2. Bias Assessment:  Conduct regular bias assessments of AI models and datasets to identify and mitigate potential biases. Document findings and actions taken to address identified issues.

3. Model Explainability:  Techniques for model explainability must consist of reproducible tests conducted by an independent third party that are robust enough to produce a stable margin-of-error. These tests ensure that AI decisions can be understood and interpreted by users based on documentation that outlines the decision-making process of AI systems.

4. Impact Assessments:  Perform impact assessments for new AI projects to evaluate potential risks to privacy, fairness, and security. Use the findings to inform design and implementation decisions.
PrivacyPortfolio implements data privacy and security control mechanisms based on the NIST 800-53r5 SP, NIST Privacy Framework, and NIST AI Framework, and these control mechanisms include data privacy impact assessments and automated decision-making technology assessments, which are always conducted on PrivacyPortfolio's practices and each vendor's practices. Publishing these assessments may result in exposing a company's trade secrets. One company complained that "the date of our written contract with third parties authorizing them to process personal information" is a trade secret.

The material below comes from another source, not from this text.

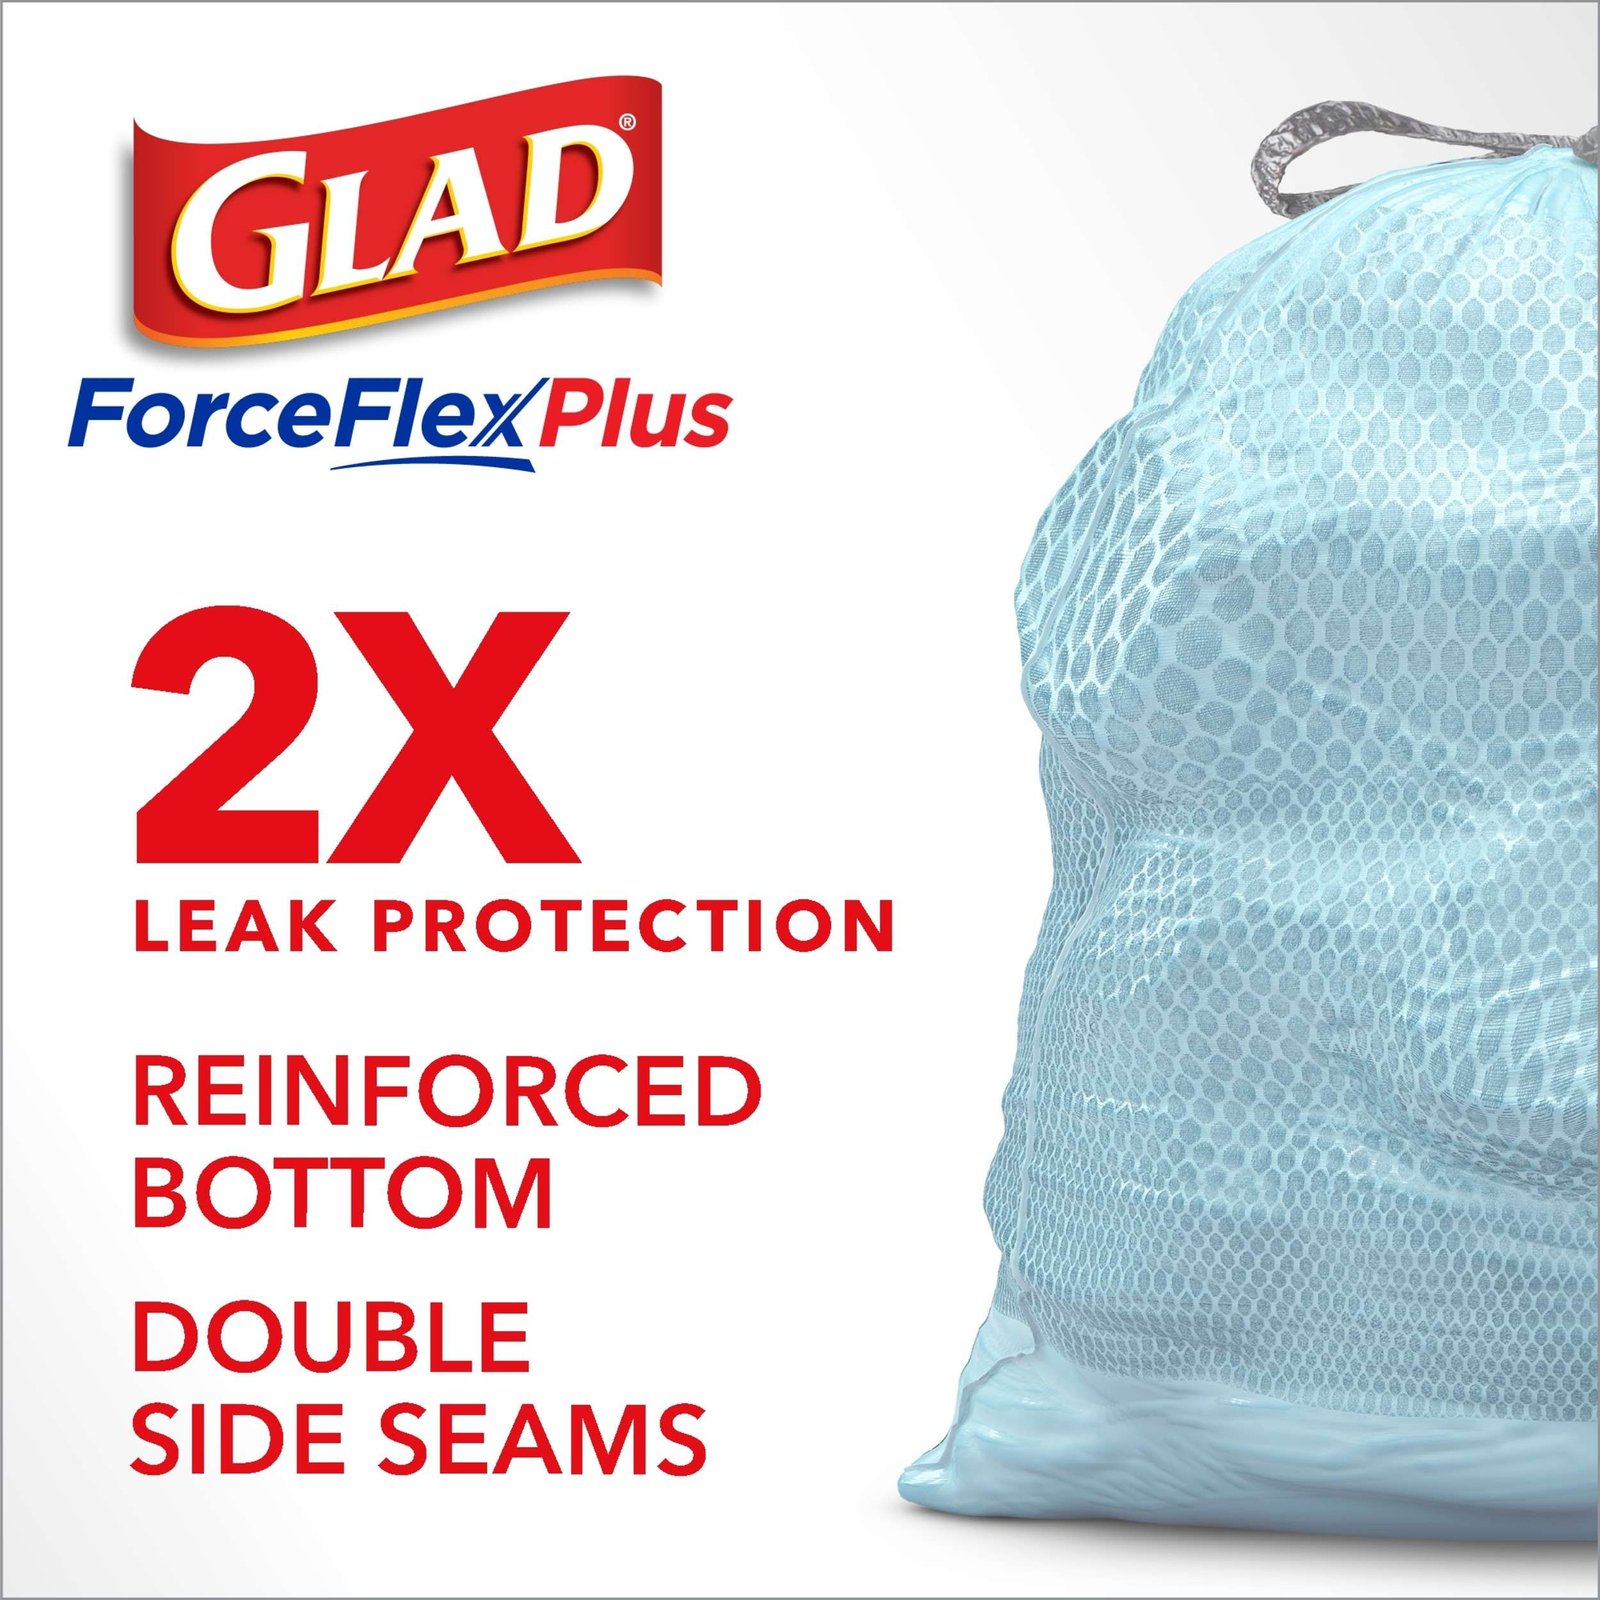 Glad ForceFlexPlus Tall Kitchen Trash Bags, 13 Gallon, 40 Bags (Beachside  Breeze Scent, Febreze Freshness)

More than one company believes that the LLM models (and other components) used in their products and services are also trade secrets. Anyone can submit a request to PrivacyPortfolio or file a complaint if assessments we publish expose security vulnerabilities which are not responsibly disclosed.

5. Stakeholder Engagement:  PrivacyPortfolio incorporates stakeholder input into every assessment of AI technologies including users, experts, investors, and advocacy groups, to gather feedback on AI vendor systems and practices. defined procedures for reporting and addressing AI performance and security issues:
Email stakeholder@privacyportfolio.com to subscribe to Decision Diary alerts

6. Training and Awareness:  Provide ongoing training and awareness programs for consumers and vendor employees on responsible AI practices, ethical considerations, and compliance with privacy regulations.

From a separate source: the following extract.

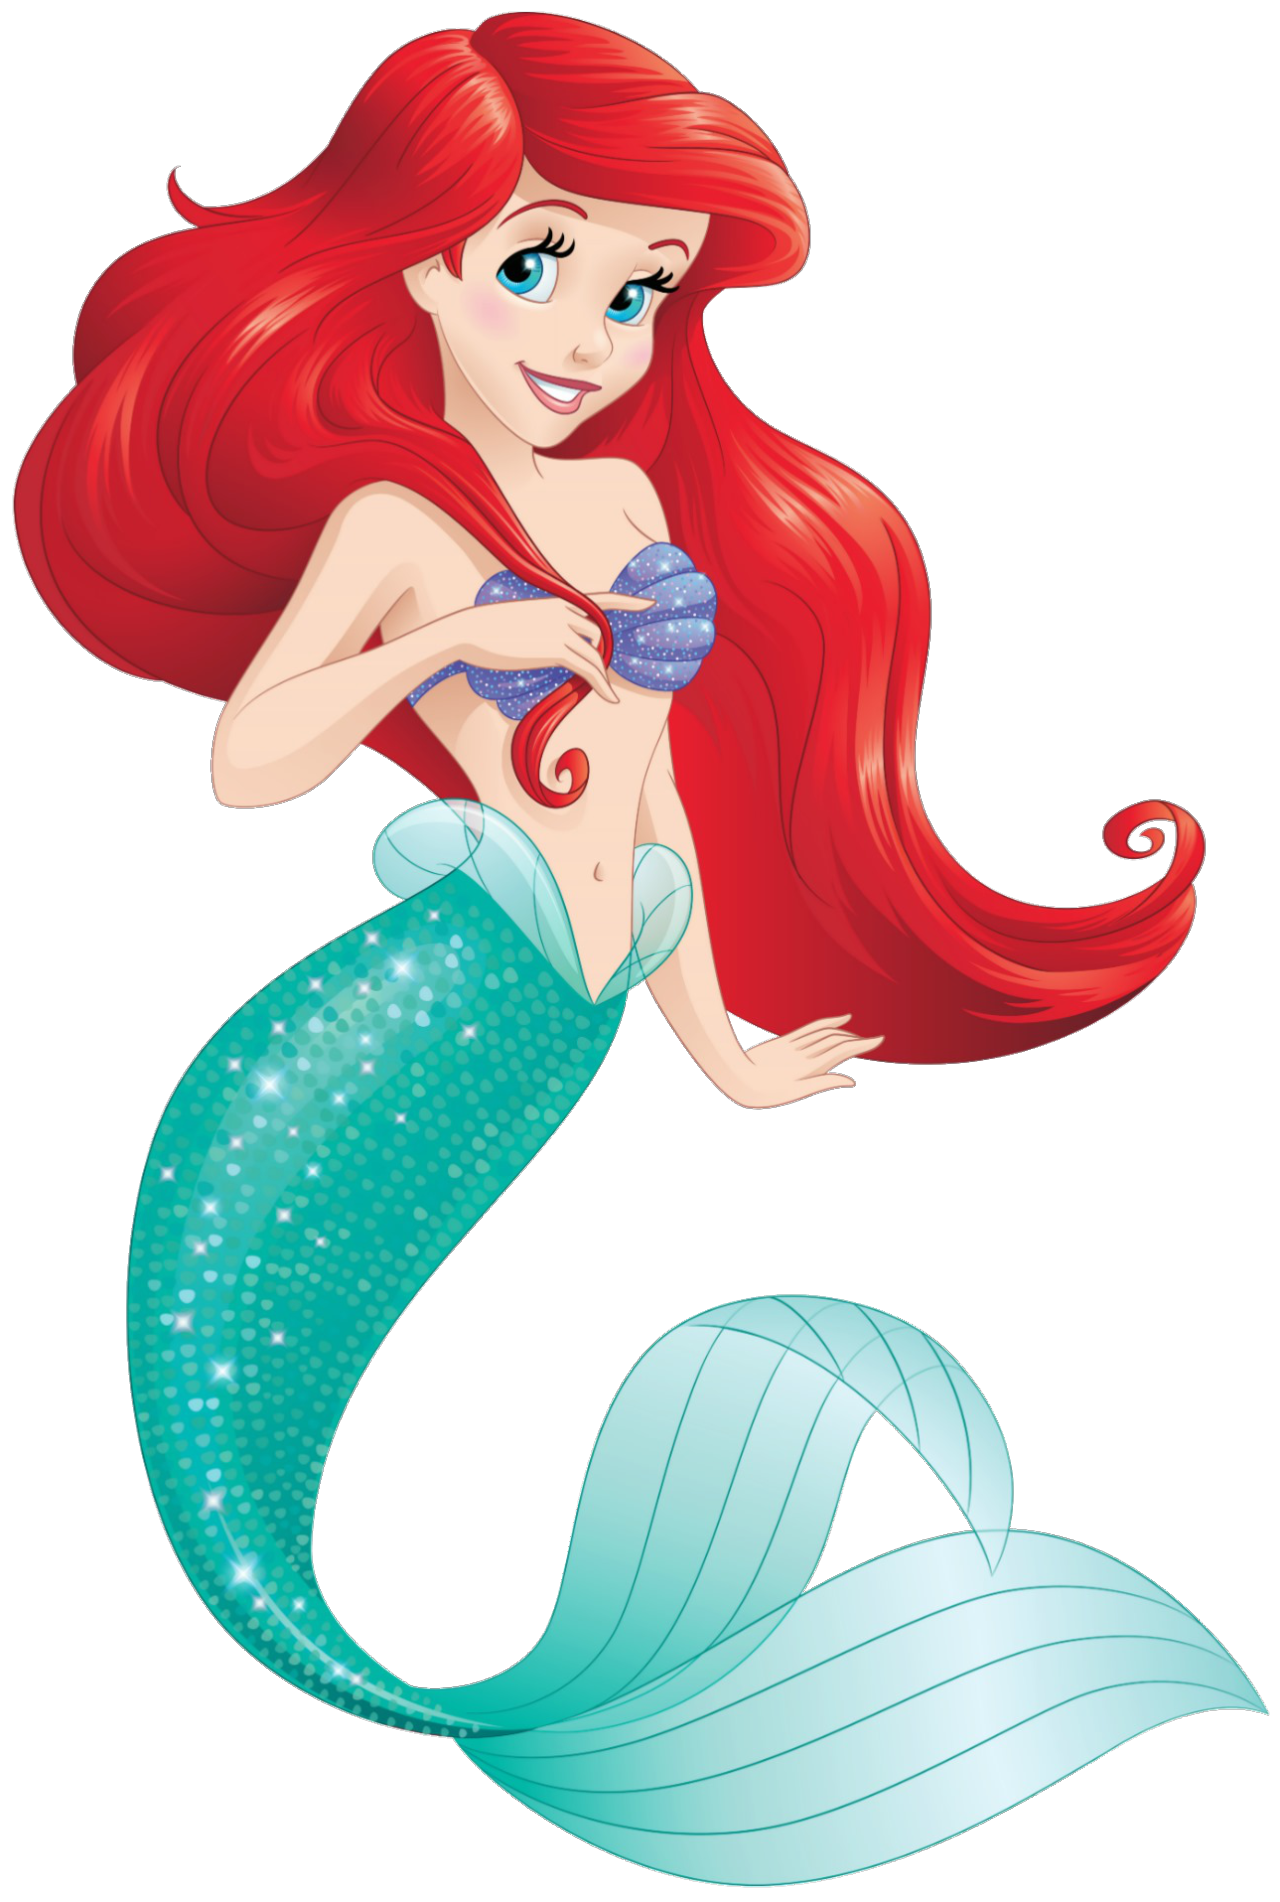 Ariel the Little Mermaid Disn

Policy Revisions, Implementation, and Review

This Responsible AI Policy shall be reviewed and updated annually or as needed to reflect changes in technology, regulations, and best practices.

Violations of this policy will require updating our AI Policy to reflect actual practices not remedied within 3 months of discovery.

This policy is published on our public websites: https://privacyportfolio.com and https://Yo-ai.ai, in our vendor contracts and/or agreements, and Vendor Notification Campaigns. Registered stakeholders can subscribe to this policy and receive notifications by email of any changes.

Summary

PrivacyPortfolio's mission is to be transparent about the use of AI within the context of managing personal data with vendors and third parties.
PrivacyPortfolio makes good faith efforts to advance the responsible use of AI technologies by setting a good example by using an independent third party to validate compliance with our Responsible AI Policy through robust certification requirements.